Dispõem os artigos 374º, n.º 2 e 379º, n.º 1, al. a) do Código de
Processo Penal que a sentença deve conter, para além da enumeração
dos factos provados e não provados, a indicação das provas que
serviram para formar a convicção do Tribunal, e uma exposição,
tando quanto possível completa, ainda que concisa, dos motivos de
facto que fundamentam a decisão, com indicação e exame crítico das
provas que serviram para formar a convicção.
Logo, para apurar a factualidade assente, não basta enumerar os
meios de prova, antes se impondo que se expresse o modo como se
alcançou essa convicção, descrevendo o processo racional seguido e
objetivando a análise e ponderação criticamente comparativa das
diversas provas produzidas, para que se conheça a motivação que
fundamentou a opção por certo meio de prova em detrimento de
outro, ou sobre qual o peso que determinados tiveram no processo
decisório, ou proceder à explanação do percurso lógico do Tribunal
até chegar à decisão fática, para permitir aos destinatários da decisão
e aos cidadãos em geral, um controle externo e democrático sobre o
exercício da justiça (cfr. Acórdão da Relação de Lisboa de 8 de
novembro de 2006, proferido no âmbito do processo n.º
5/14.4GMLSB deste Juízo Central Criminal de Lisboa).

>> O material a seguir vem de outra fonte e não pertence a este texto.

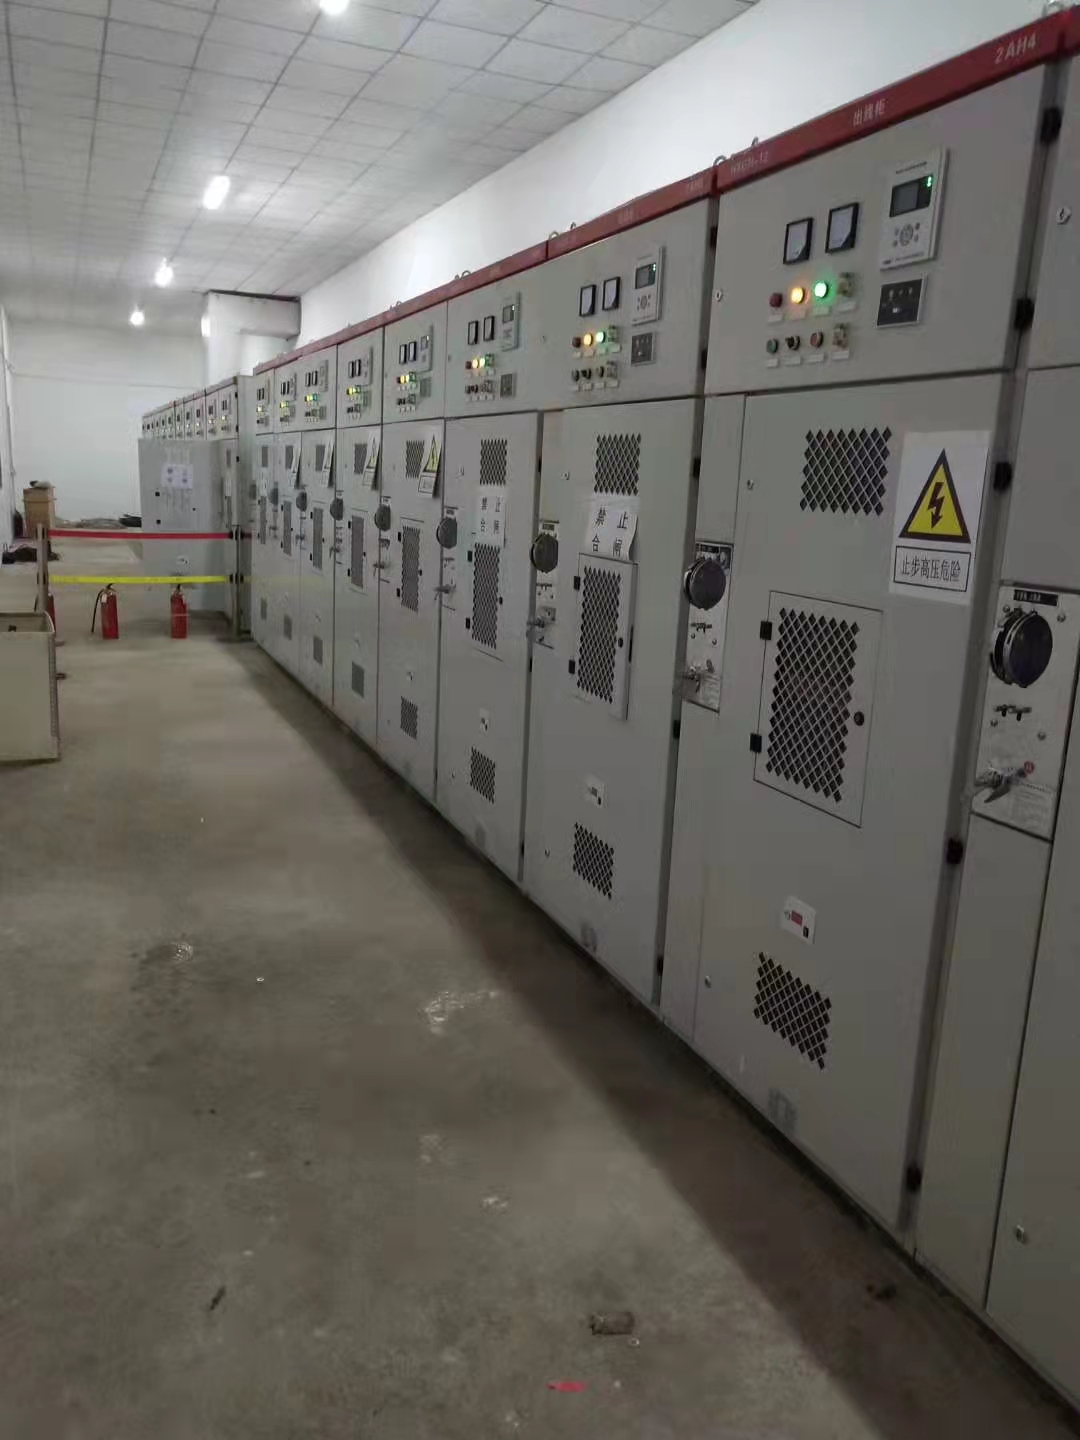 Custom switchgear wholesaler in China-SPL- power transformer,electrical transformer,Combined compact substation,Metalclad AC Enclosed Switchgear,Low Voltage Switchgear,Indoor AC Metal Clad Intermediate Switchgear,Non-encapsulated Dry-type Power Transformer,Unwrapped coil dry-type transformer,Epoxy resin cast silicon steel sheet dry-type transformer,Epoxy resin cast amorphous alloy dry-type transformer,Amorphous alloy oil-immersed power transformer,Silicon steel sheet oil-immersed power,electric transformer,Distribution Transformer,voltage transformer,step-down transformer,reducing transformer,low-loss power transformer,loss power transformer,Oil-type Transformer,Oil Distribution Transformer,Transformer-Oil-lmmersed,Oil Transformer,Oil Immersed Transformer,three phase oil immersed power transformer,oil filled electrical transformer,Sealed amorphous alloy power transformer,Dry Type Transformer,dry Transformer,Cast Resin Dry Type Transformer,dry-type transformer,resin-casting type transformer,resinated dry type transformer,CRDT,Unwrapped coil power transformer,three phase dry Transformer,articulated unit substation,AS,Modular substation,transformer substation,electric substation,Power Sub-station,Preinstalled substation,YBM,prefabricated substation,Distribution Substation,compact substation,MV power stations,LV power stations,HV power stations,Switchgear Cabinet,MV Switchgear Cabinet,LV Switchgear Cabinet,HV Switchgear Cabinet,pull-out switch cabinet,Ac metal closed ring network switchgear,Indoor metal armored central switchgear,Box-type substation,custom transformers,customized transformers,Metal enclosed electrical switchgear,LV Switchgear Cabinet,

Concretizando, foram desde logo essenciais os depoimentos das
testemunhas inquiridas, que de forma isenta, credível e coerente,
elucidaram o Tribunal sobre a sua perspectiva dos factos:
- RA… e RJ…, ambos agentes da PSP, confirmando o auto de
notícias e a demais documentação recolhida, esclareceram que no
âmbito de uma ronda habitual ao parque de estacionamento,
observaram o arguido junto à autocaravana utilizando a acendalha.
Relataram ainda a abordagem ao arguido e a reacção do mesmo ao
ser surpreendido, não dando qualquer explicação para o seu
comportamento, apesar de ainda terem sido encontradas mais duas
acendalhas dentro do seu veículo. Ambos confirmaram que não se
encontrava ninguém dentro da autocaravana no momento dos factos.
Os seus depoimentos foram circunstanciados e precisos, não tendo
sido descoberta qualquer razão para actuação do arguido.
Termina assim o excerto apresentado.